Installing a Custom Spark Version on CDH

Since Spark can be run as a YARN application it is possible to run a Spark version other than the one provided by the Cloudera platform (CDH). This document lists the instructions for how to compile a specific Spark version against the Hadoop version supported by CDH. The instructions are based on the post Running Spark 1.5.1 on CDH.

  1. Determine the version of CDH and Hadoop by running the following command on the edge node:

    $ hadoop version
    Hadoop 2.6.0-cdh5.4.8
    ...
    
  2. Download Spark and extract the sources.

  3. Build Spark by opening the distribution directory in the shell and running the following command using the CDH and Hadoop version from step 1:

    $ ./make-distribution.sh --tgz --name cdh5.4.8 -Pyarn \
         -Phadoop-2.6 -Phadoop-provided -Dhadoop.version=2.6.0-cdh5.4.8 \
         -Phive -Phive-thriftserver
    

    Note that -Phadoop-provided enables the profile to build the assembly without including Hadoop-ecosystem dependencies provided by Cloudera. To compile with Spark 2.11 support first run:

    $ ./dev/change-scala-version.sh 2.11
    

    and pass -Dscala-2.11 to make-distribution.sh.

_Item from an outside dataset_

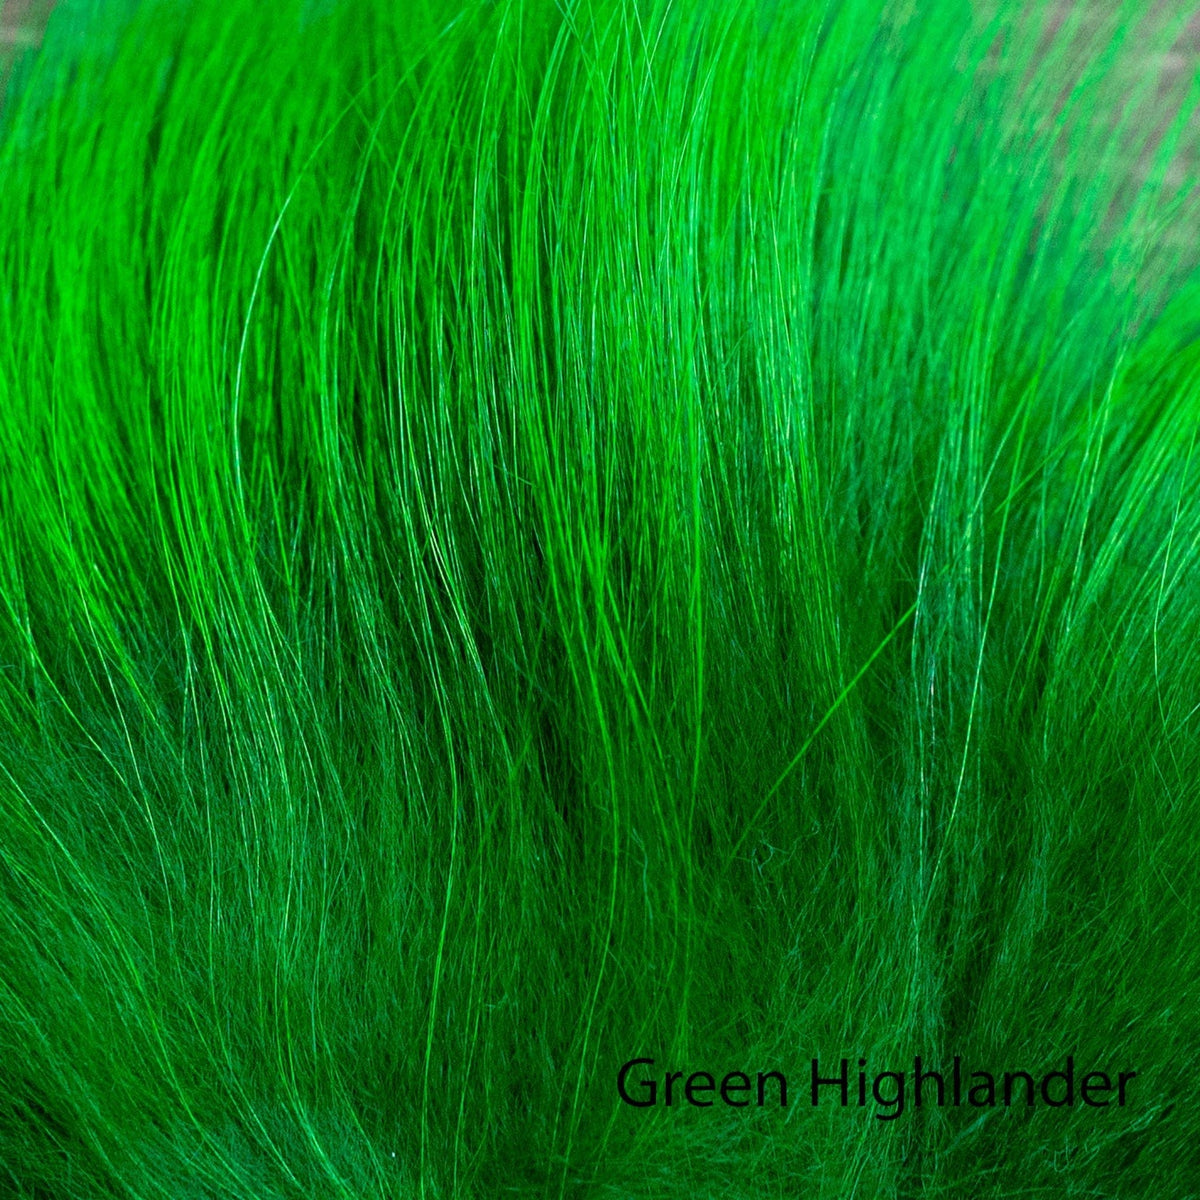 Finn Racoon Hair Green Highlander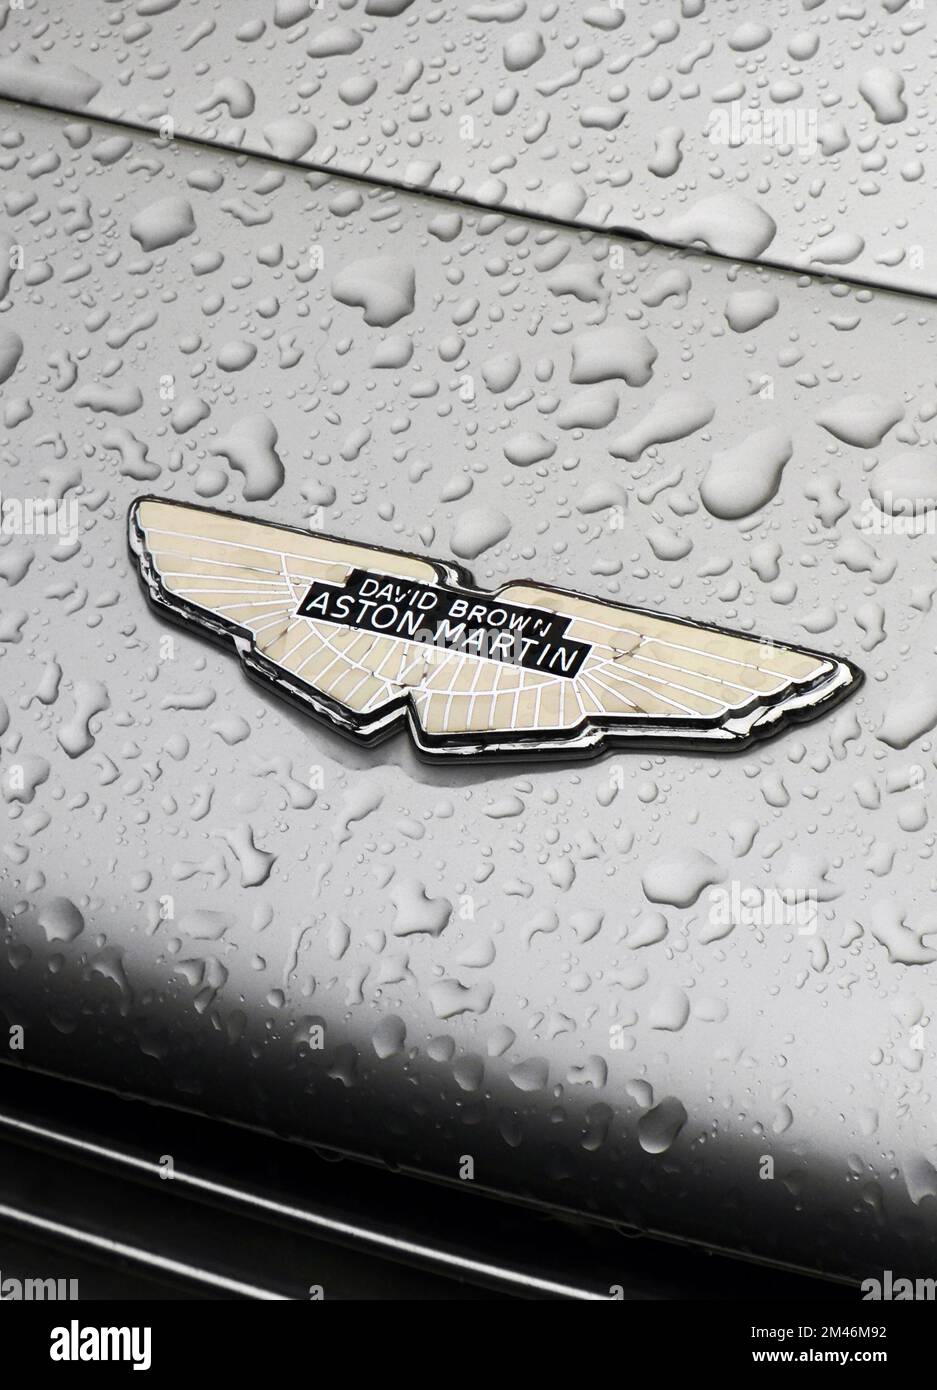 September 18, 2010 - Kyiv, Ukraine: Old Aston Martin supercar emblem. Car in raindrops Stock Photo

  4. Copy the resulting tgz file to the edge node:

    $ scp spark-x.x.x-bin-cdh5.4.8.tgz user@edge-node:
    
  5. Connect to the edge node

  6. Extract the tgz file

  7. cd into the custom Spark distribution and configure the custom Spark distribution:

     $ cp -R /etc/spark/conf/* conf/
     # Change SPARK_HOME to point to folder with custom Spark distrobution
     $ sed -i "s#\(.*SPARK_HOME\)=.*#\1=$(pwd)#" conf/spark-env.sh
     # Tell YARN which Spark JAR to use
     $ echo "spark.yarn.jar=$(pwd)/$(ls lib/spark-assembly-*.jar)" >> conf/spark-defaults.conf
     $ cp /etc/hive/conf/hive-site.xml conf/
    
  8. Test the custom Spark distribution:

     $ ./bin/run-example SparkPi 10 --master yarn-client
     $ ./bin/spark-shell --master yarn-client